Capítulo 2 - 1. pretty in blue


9B.

Estava chovendo bastante naquele dia. Era outono, e outono sempre trazia chuvas pesadas. Não parecia um bom momento para estar diante daquela porta, principalmente quando eu tinha tanto a dizer, mas não era como se eu pudesse realmente virar as costas e fugir antes que fosse tarde demais.

Pensei, mais de uma vez, que ele abriria a porta, ouviria meia-dúzia de palavras e então suspiraria, me diria que não é da conta dele porque já sou grandinho para lidar com meus próprios problemas. Então ele bateria a porta na minha cara e eu saberia, com certeza, que estava fodido.

Fodido e sozinho.

E era por isso que eu estava hesitando tanto. Não tinha certeza de querer essa confirmação, porque eu não sabia o que eu poderia fazer se a reação dele fosse negativa. Eu não tinha ideia de como ia lidar com aquilo sozinho, e eu também não queria.
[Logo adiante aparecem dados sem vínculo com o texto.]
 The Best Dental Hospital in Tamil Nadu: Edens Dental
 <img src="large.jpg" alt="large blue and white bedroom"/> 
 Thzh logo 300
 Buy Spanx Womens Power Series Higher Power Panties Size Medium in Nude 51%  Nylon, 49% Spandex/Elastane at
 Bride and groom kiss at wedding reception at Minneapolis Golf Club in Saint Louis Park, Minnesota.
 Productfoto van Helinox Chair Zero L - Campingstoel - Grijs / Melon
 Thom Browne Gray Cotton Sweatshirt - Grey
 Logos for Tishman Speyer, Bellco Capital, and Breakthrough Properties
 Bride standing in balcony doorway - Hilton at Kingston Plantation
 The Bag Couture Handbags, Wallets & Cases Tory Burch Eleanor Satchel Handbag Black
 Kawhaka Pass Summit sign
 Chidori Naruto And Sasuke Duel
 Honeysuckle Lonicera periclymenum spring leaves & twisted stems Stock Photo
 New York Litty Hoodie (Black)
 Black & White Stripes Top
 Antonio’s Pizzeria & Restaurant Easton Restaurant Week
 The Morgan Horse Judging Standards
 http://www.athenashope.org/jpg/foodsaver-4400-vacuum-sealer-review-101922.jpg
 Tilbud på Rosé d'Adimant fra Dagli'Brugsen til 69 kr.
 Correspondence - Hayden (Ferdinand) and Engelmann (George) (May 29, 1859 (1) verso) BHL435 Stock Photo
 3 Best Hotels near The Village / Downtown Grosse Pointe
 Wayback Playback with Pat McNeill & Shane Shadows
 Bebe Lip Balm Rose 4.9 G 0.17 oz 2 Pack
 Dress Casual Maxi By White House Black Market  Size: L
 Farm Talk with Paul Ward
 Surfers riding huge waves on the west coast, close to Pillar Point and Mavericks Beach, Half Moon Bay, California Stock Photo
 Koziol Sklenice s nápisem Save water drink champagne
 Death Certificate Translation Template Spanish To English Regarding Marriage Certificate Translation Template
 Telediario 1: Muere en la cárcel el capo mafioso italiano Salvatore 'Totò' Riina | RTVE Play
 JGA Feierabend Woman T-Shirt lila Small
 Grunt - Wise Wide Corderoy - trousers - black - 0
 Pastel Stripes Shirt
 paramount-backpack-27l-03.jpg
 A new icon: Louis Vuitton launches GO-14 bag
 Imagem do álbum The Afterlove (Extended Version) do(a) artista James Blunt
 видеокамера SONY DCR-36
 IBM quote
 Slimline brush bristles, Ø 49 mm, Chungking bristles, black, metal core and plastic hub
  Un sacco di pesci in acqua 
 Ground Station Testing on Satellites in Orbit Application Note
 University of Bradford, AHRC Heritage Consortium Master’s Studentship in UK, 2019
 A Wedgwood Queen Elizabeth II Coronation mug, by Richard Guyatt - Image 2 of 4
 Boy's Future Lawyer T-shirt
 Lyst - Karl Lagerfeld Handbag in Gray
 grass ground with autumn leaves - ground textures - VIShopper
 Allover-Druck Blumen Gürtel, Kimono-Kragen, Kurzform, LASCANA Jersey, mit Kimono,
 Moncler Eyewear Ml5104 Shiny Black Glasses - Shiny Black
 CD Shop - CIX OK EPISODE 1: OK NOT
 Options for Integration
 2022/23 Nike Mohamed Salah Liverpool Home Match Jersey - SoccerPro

Achava justo que nós dois entrássemos no barco furado, porque nós dois fomos responsáveis. Ao mesmo tempo, eu não podia cobrá-lo ou mesmo obrigá-lo a me ajudar. Porque no fim das contas, talvez realmente não fosse um problema dele. E todo mundo me diria isso se eu perguntasse.

Era essa a ideia que eu tinha, e meu medo era ter de ouvi-lo dizer isso na minha cara.

Podia ser qualquer pessoa. Eu só não queria que fosse ele.

“Você tá parado aí há uns vinte minutos.” A porta se abriu de repente. Ele parecia entediado, o cabelo bagunçado e a expressão de desinteresse que costumava carregar substituída por curiosidade. “Entra logo.”

Baekhyun não dividia apartamento com ninguém. Era só ele, morando numa espécie de conjunto habitacional, onde as instalações eram precárias e não tinha muita gente para chamar de vizinhança. Acho que ele gostava dali porque não tinha incomodação; apesar de seus amigos terem fama de quase criminosos, ele era mais quietinho. Irritável, desinteressado e talvez um pouco arrogante às vezes, mas quietinho.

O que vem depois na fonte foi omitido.